К теме проникновения в отсталые миры землян из совершенного коммунистического будущего Стругацкие обращались часто. Проникновение у них происходит не только для наблюдения, но и для подталкивания социального прогресса в отсталых мирах. Так появляется понятие Стругацких — «прогрессор», то есть тот, кто несёт прогресс в отсталые цивилизации. Кроме «Трудно быть богом», к «прогрессорскому» циклу относятся «Обитаемый остров», «Парень из преисподней», «Жук в муравейнике», а если говорить о «прогрессорстве», так сказать, в земном измерении, то — «Хищные вещи века», «Гадкие лебеди», «Отягощённые злом», в определённом смысле, даже «Пикник на обочине».
Но вернёмся к книге «Трудно быть богом». Итак, на планете в разных местах внедрены двести пятьдесят землян-наблюдателей. Каждый из них имеет телекамеру для передачи данных на борт космической станции, вращающейся вокруг планеты незаметно для аборигенов; у главного героя книги — это некое подобие драгоценного камня на золотом обруче, охватывающем волосы. На недоступном для аборигенов острове на южном полюсе планеты находится опорная база исследователей; небо патрулируют дирижабли.
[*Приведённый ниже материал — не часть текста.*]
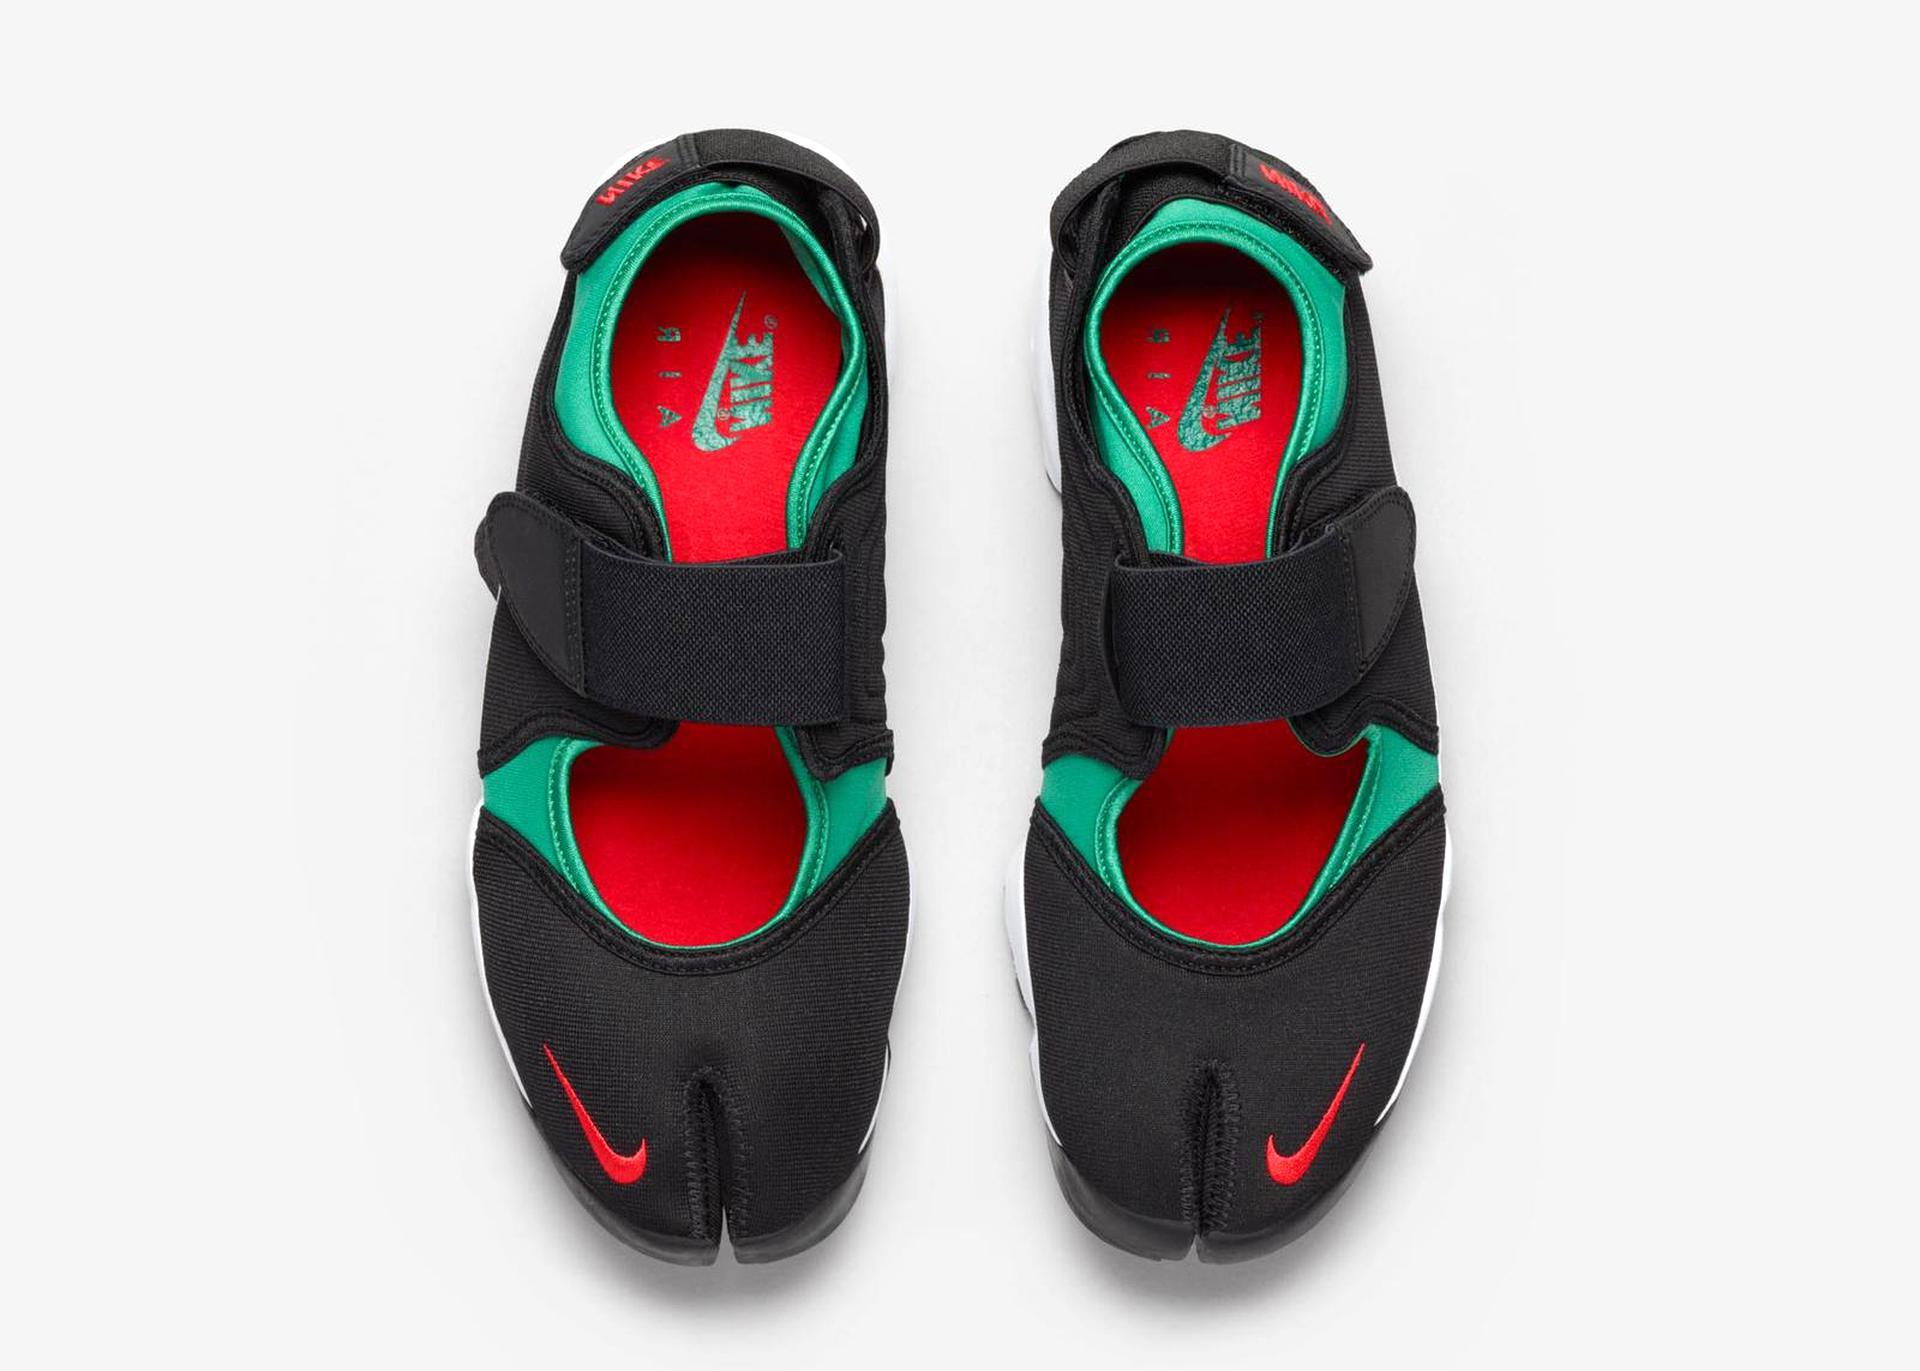 Nike Ninja d'occasion   Plus que 4 à -70%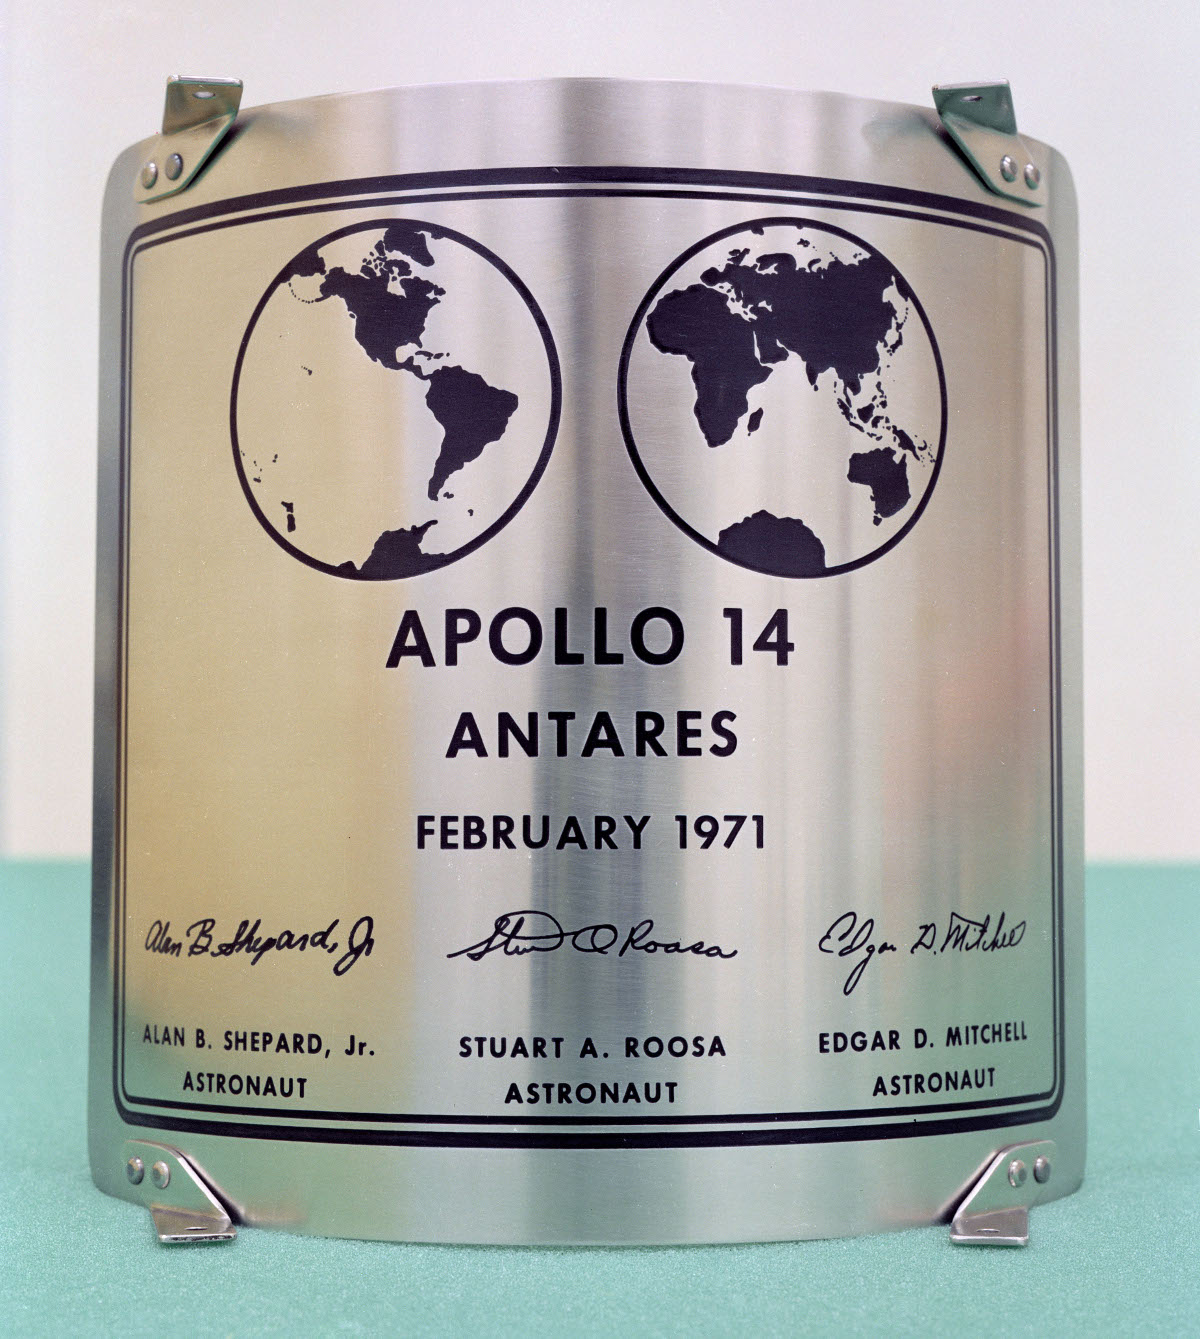 Placa dejada en la etapa de descenso del módulo lunar Antares (Apolo 14).

Главный герой книги Антон, согласно «легенде», выступает в роли Руматы Эсторского — богатого и спесивого аристократа из древнего рода Империи, якобы сосланного из метрополии в Арканар за убийство на дуэли. В соседнем Ирукане внедрён одноклассник Антона — Пашка, он же дон Гуг, старший постельничий герцога Ируканского. В Соане внедрён «старший группы» исследователей Александр Васильевич, он же дон Кондор, Генеральный судья и Хранитель больших государственных печатей торговой республики Соан, вице-президент Конференции двенадцати негоциантов и кавалер имперского Ордена Десницы Милосердной. За Красным Северным хребтом в стране меднокожих варваров под видом шамана-эпилептика также внедрён «агент» Земли — специалист по первобытным культурам.
Исследователи прошли психологическое кондиционирование и готовы ко всему: они умеют не отворачиваться, когда рядом избивают, убивают, выпускают внутренности, режут на куски; они способны часами спокойно выдерживать излияния законченных кретинов; они могут есть из посуды, которую дают вылизать собакам и протирают грязным подолом. Кроме того, благородный дон Румата в совершенстве владеет мечами и обладает навыками боя, не известными аборигенам вообще, например «веерной» защитой. Правда, по «условиям игры», он имеет право только защищаться и наносить лёгкие телесные повреждения, но не убивать или калечить. Агенты министра охраны короны дона Рэбы обратили на это внимание. Это дало повод Рэбе обвинить Румату в связях с нечистой силой: «Вы, несомненно, продали душу дьяволу, ибо только в аду можно научиться этим невероятным, сказочным приёмам боя. Я готов даже допустить, что умение было дано вам с условием не убивать. Хотя трудно представить, зачем дьяволу понадобилось такое условие. Но пусть в этом разбираются наши схоласты». Дон Рэба подозревал о «запредельном» происхождении Руматы. И об этом хорошо знал бунтарь Арата…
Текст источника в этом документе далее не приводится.